* **Exercise input**:
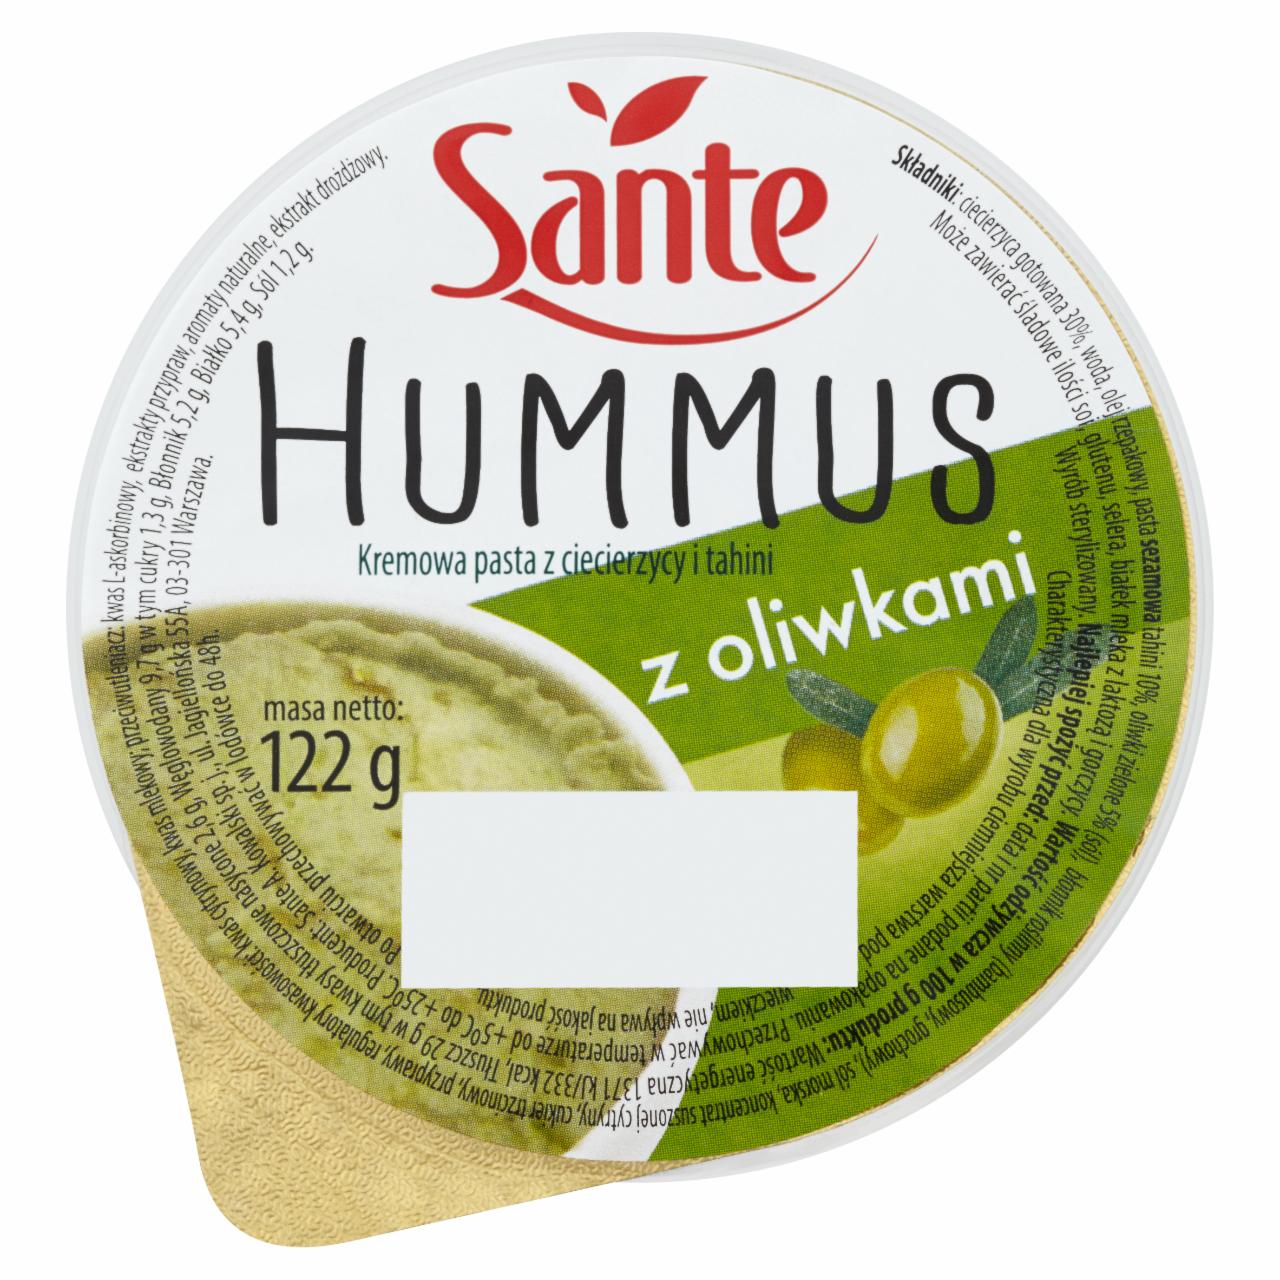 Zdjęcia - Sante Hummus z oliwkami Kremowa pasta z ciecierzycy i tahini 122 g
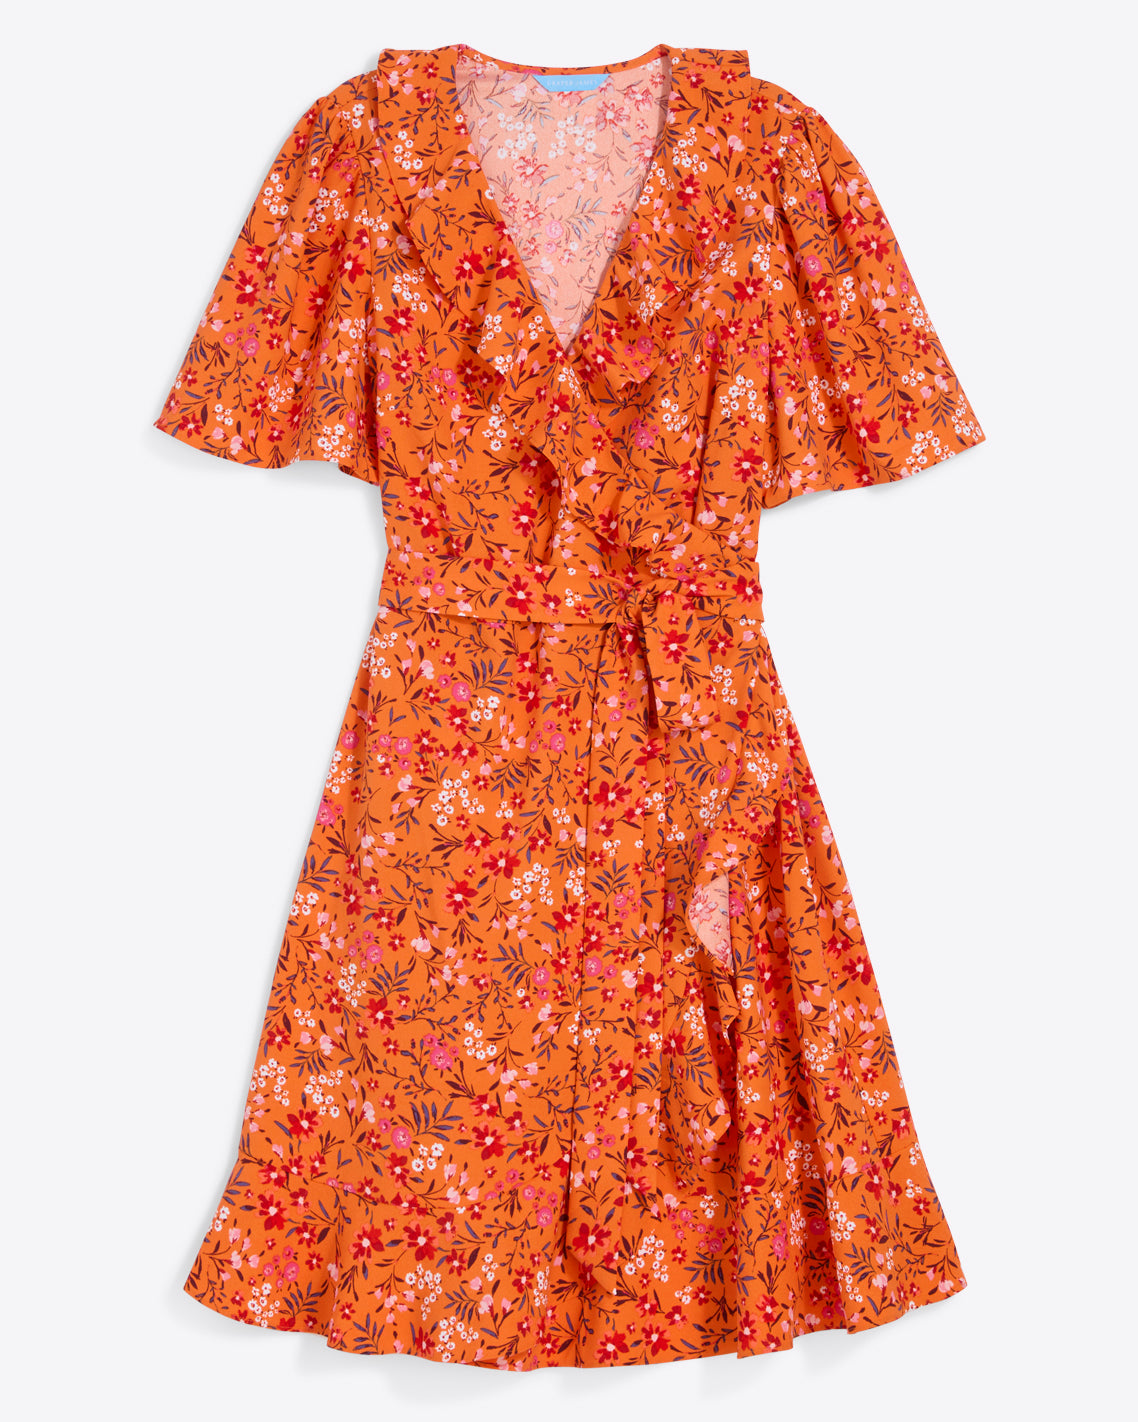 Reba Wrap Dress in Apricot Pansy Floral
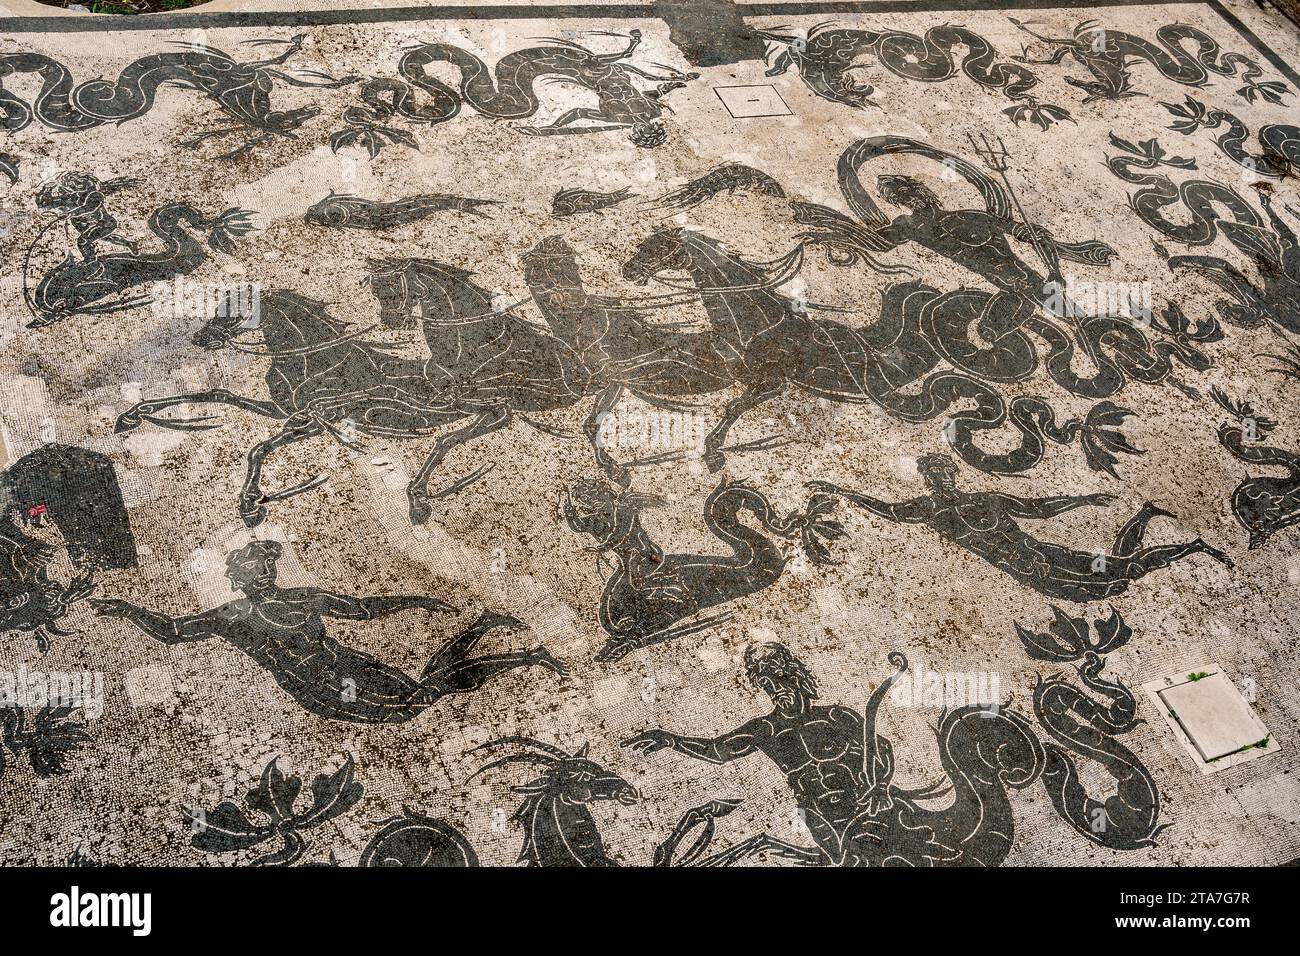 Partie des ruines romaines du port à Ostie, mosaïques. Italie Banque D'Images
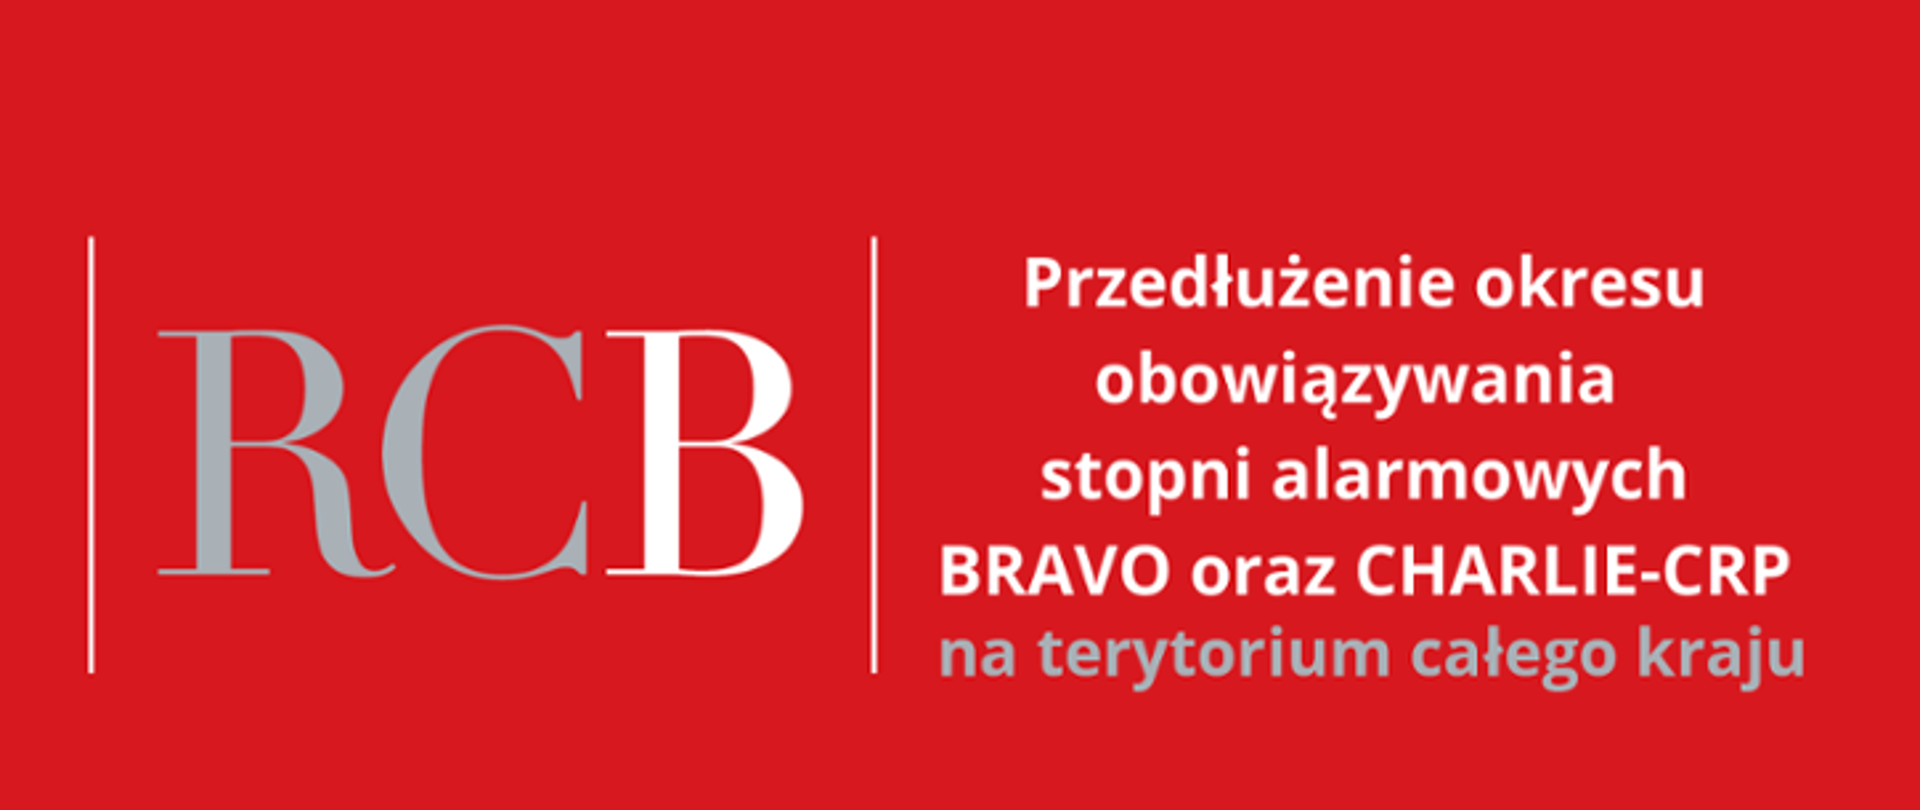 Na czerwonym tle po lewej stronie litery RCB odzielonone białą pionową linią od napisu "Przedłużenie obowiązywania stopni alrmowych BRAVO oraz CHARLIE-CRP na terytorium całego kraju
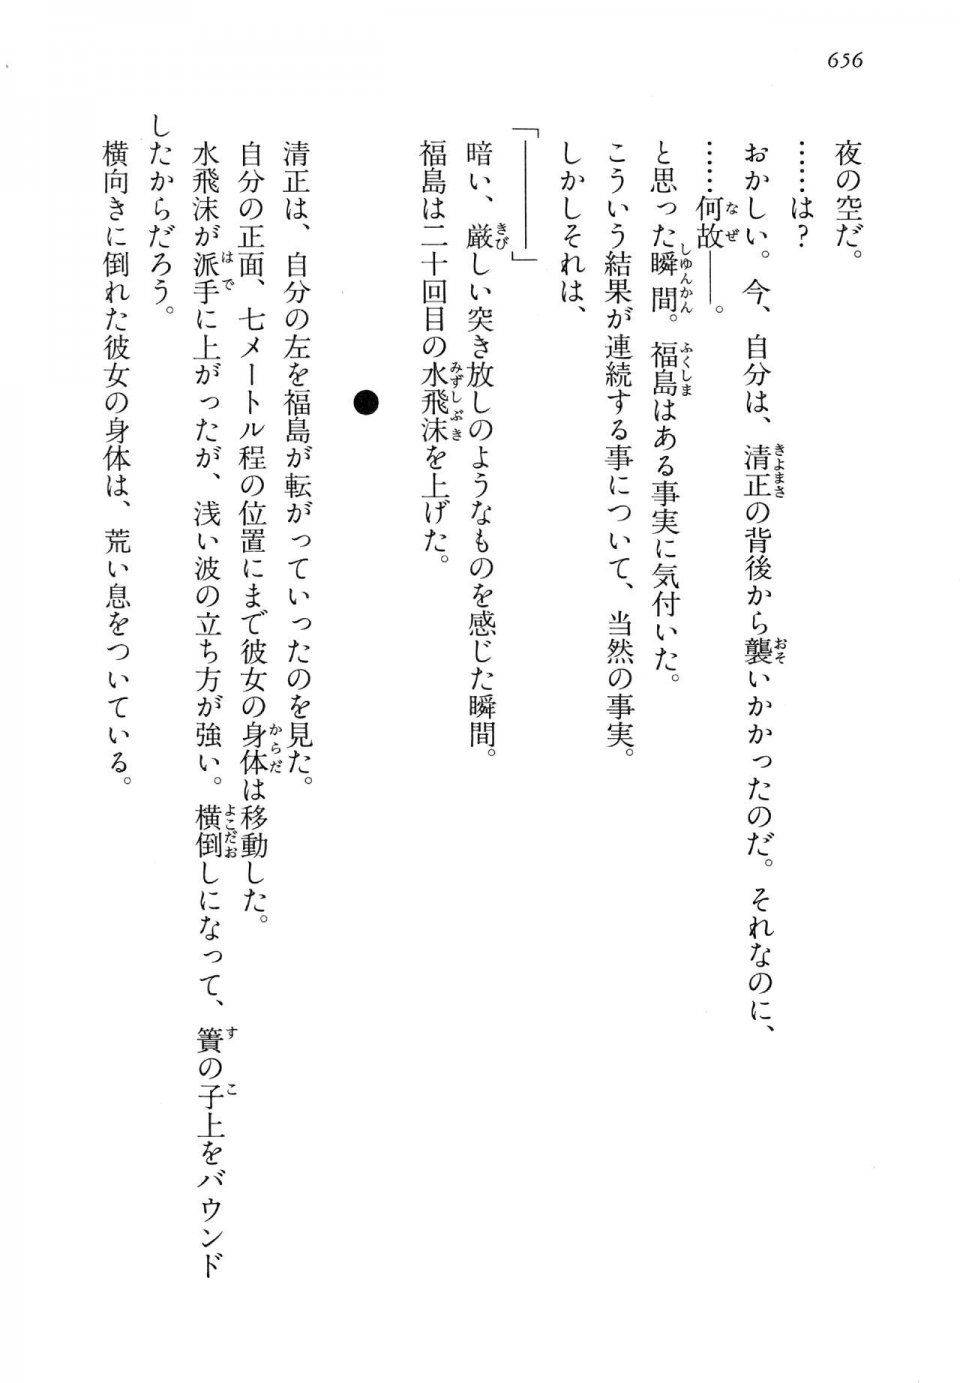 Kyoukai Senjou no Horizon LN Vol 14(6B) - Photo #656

* **Your task**:
Leave every picture out and return exactly the lines from the one holding "Na czerwonym tle" through the end of the records above, both ends included, and nothing more.

* **Solution for this exercise**:
 Na czerwonym tle po lewej stronie litery RCB odzielonone białą pionową linią od napisu "Przedłużenie obowiązywania stopni alrmowych BRAVO oraz CHARLIE-CRP na terytorium całego kraju
 Kyoukai Senjou no Horizon LN Vol 14(6B) - Photo #656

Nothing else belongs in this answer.